端材の有効活用は、資源ロス削減につながる。
前回のワークショップ同様、今回もまずは革を学ぶことから始まった。教えてくれるのは、兵庫県姫路市の高木地区に工場がある金梅の金田章吾さん、セナレザーの中森赴人さん、金田染革所の金田拓也さんの3人。兵庫県姫路市は昔から皮革産業が盛んな地域で、全国有数の皮革産地のひとつだ。タンナーである彼らがいちばん伝えたいのは、「革は食肉の副産物」だということ。
「革は昔からある素材ですが、その原料は僕らが食べている牛肉や豚肉の副産物である皮です。この“皮”を腐らないように“鞣す”ことで、靴やバッグ、小物などに使う“革”に生まれ変わります。また、皮下にあるコラーゲンは、医療品や化粧品、健康食品、犬のおやつなどに使われています。つまり、皮革は捨てるところのない、エコでサステナブルな天然素材なんです」
ところが、そんな優れた素材にも大きな悩みが。それは革製品として使われなかった部分=端材が生じるということだ。
「この1枚の革から製品となるのは、首から下のお腹の部分がほとんどです。たとえば、足の部分などは、繊維が粗く強度が弱いため、どうしても用途が限られてしまいます。先ほど『皮革は捨てるところがない』と話しましたが、この部分も使わなければ、動物たちの命を無駄にすることになります。だからこそ端材を有効活用しようとさまざまな取り組みが行われています。今回のワークショップも、資源ロス削減に繋げる取り組みのひとつです」
刺繍の可能性をさらに広げる、革の魅力。
革の知識を深めた後は、いよいよグッドウォーキン上田さんとともに作品づくりへ。参加者それぞれが選んだ革を好きな形に切り、その周りを刺繍していく。難しいステッチはいっさいなく、しかも上田さんのアイデアで革の穴開け用のスクリューパンチが用意されていたので、初心者でも簡単に取り組めた。

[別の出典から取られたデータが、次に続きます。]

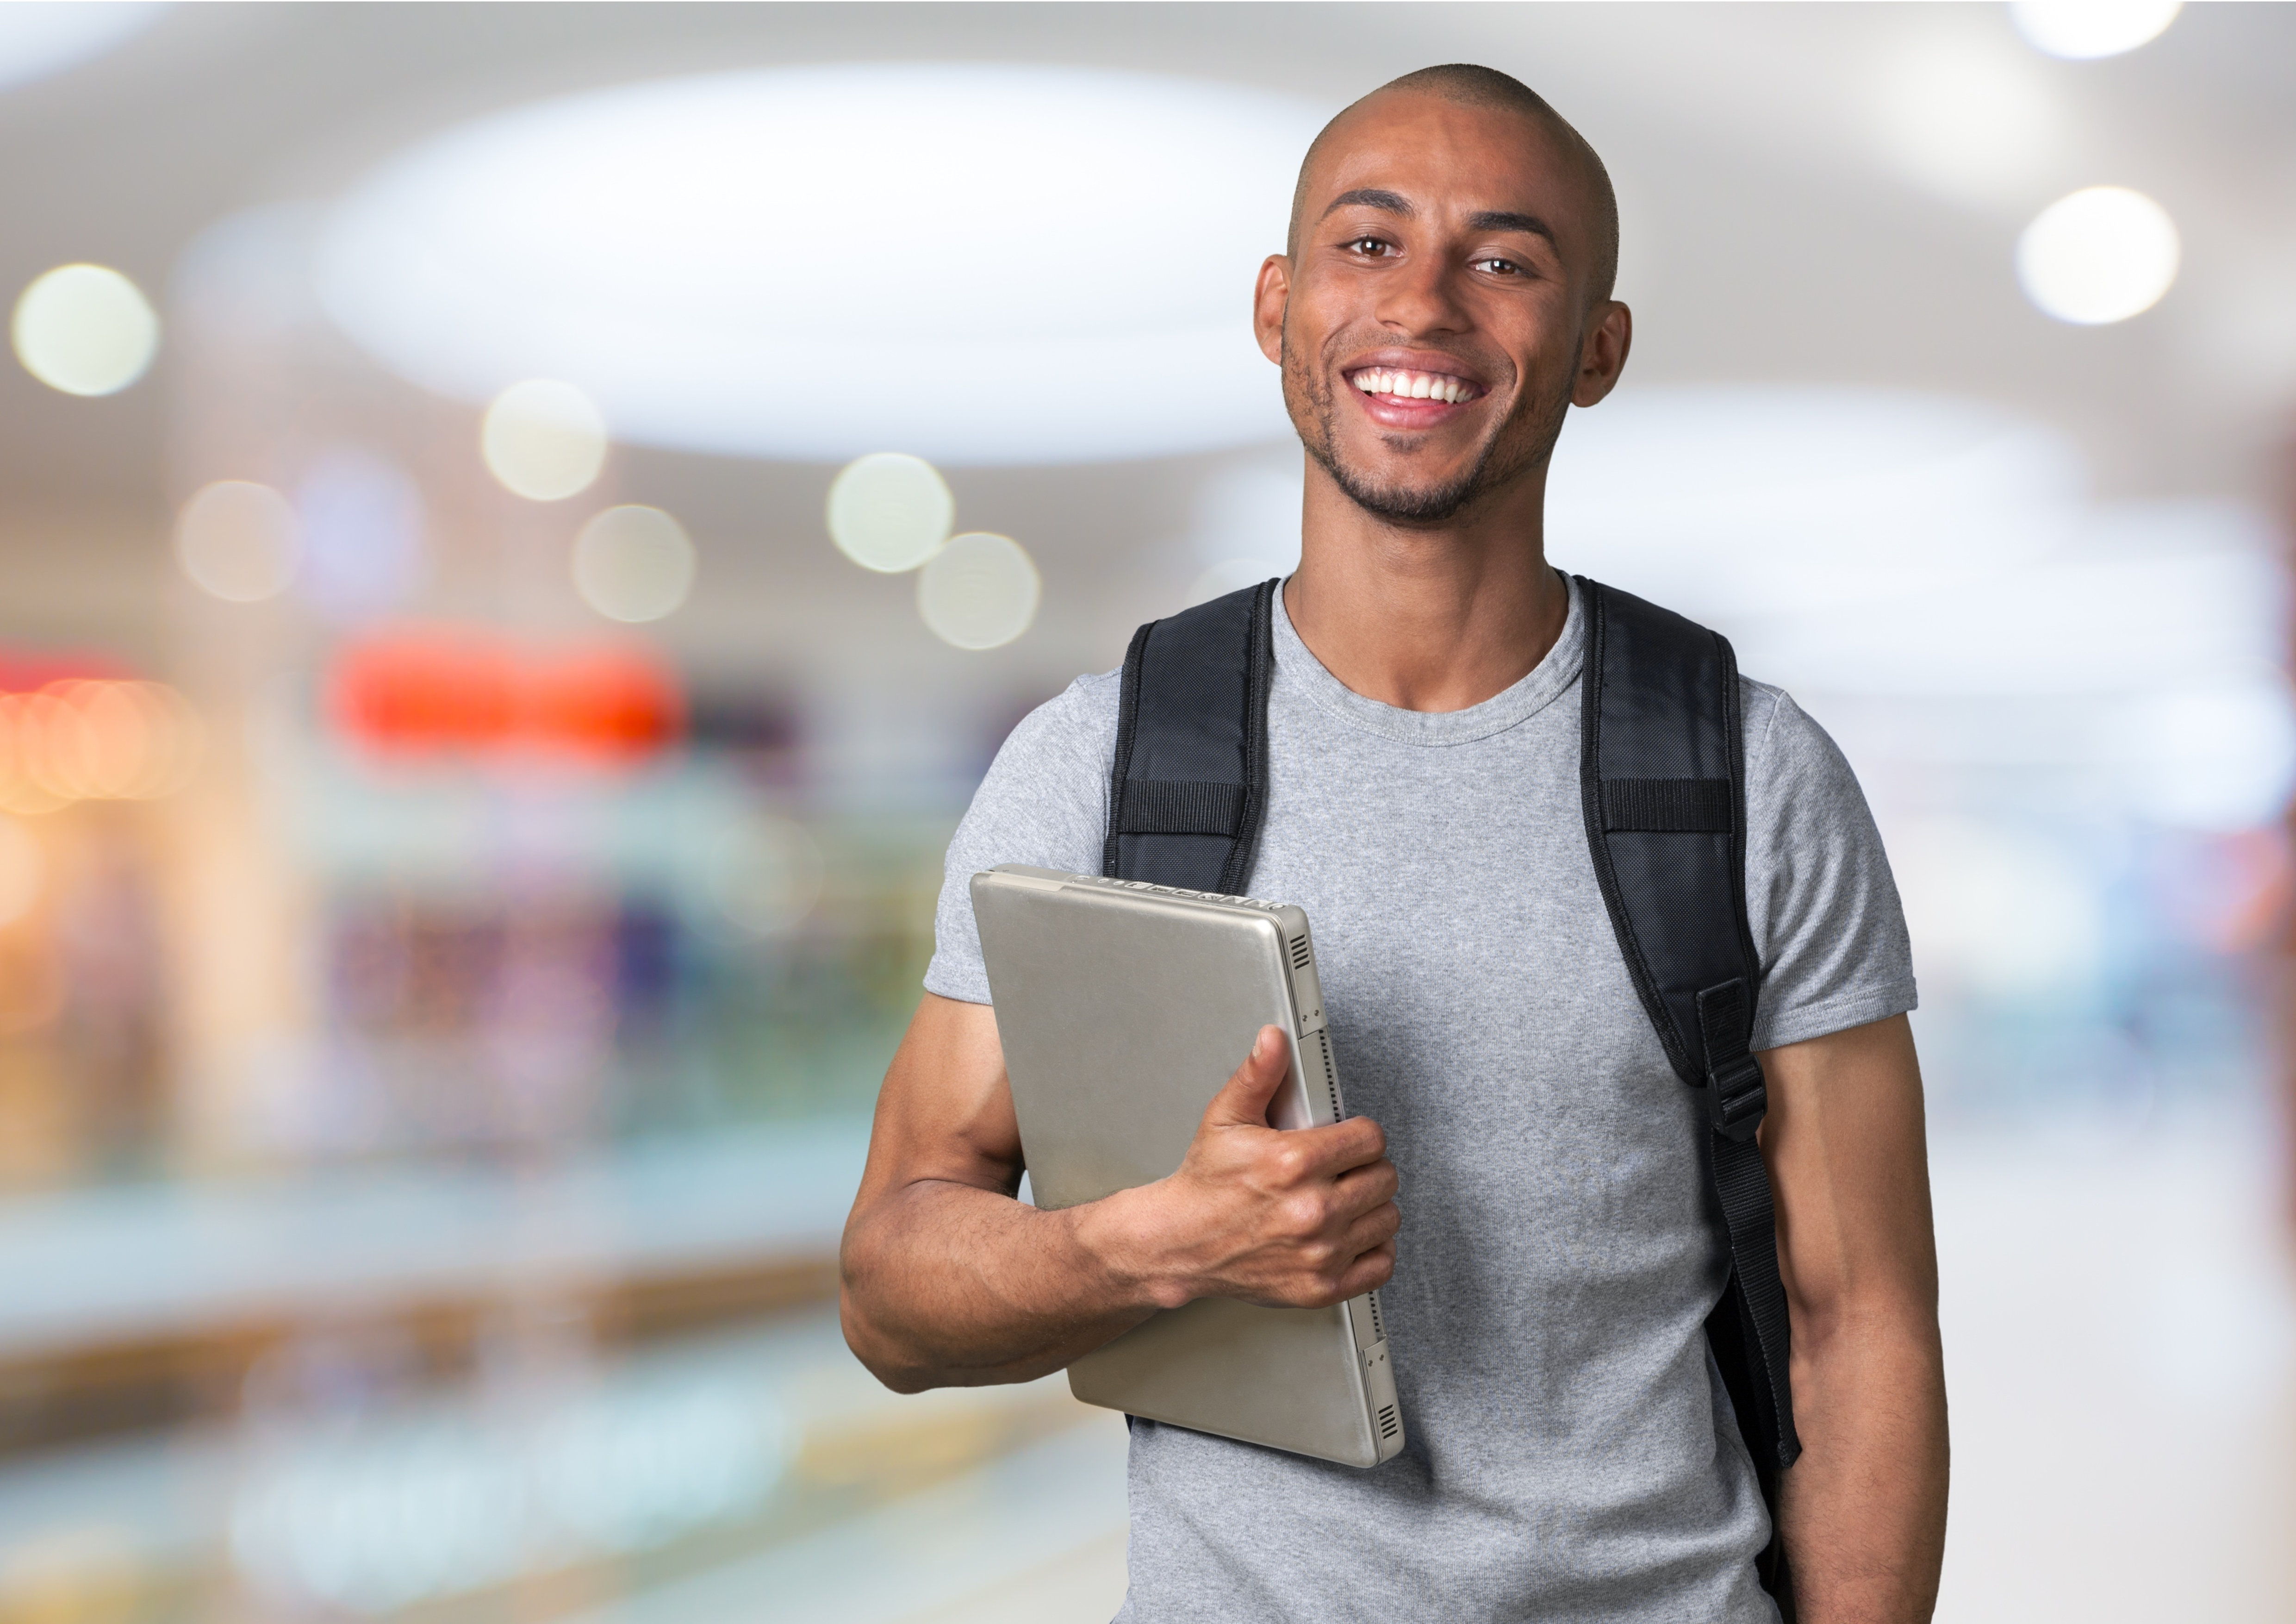 An image of a smiling male student

「僕も事前につくってみました。実際にやってもらうと分かるのですが、チクチク縫うというよりも、革を切ったり、穴を開けたりするので、図工に近いかもしれないです。簡単にできるので、皆さん、安心してください」
上田さんの言葉に勇気づけられ、参加者は各々好きな色のキャップを選び、刺繍枠をセットしていく。そして革の端材を手に取り、自身が思い描くモチーフを表現できるか、革の色や質感をじっくりと確かめる。なかには、革の仕上げ加工からインスピレーションを得て選ぶ参加者もいて、早くも独創的な作品が生まれる予感が。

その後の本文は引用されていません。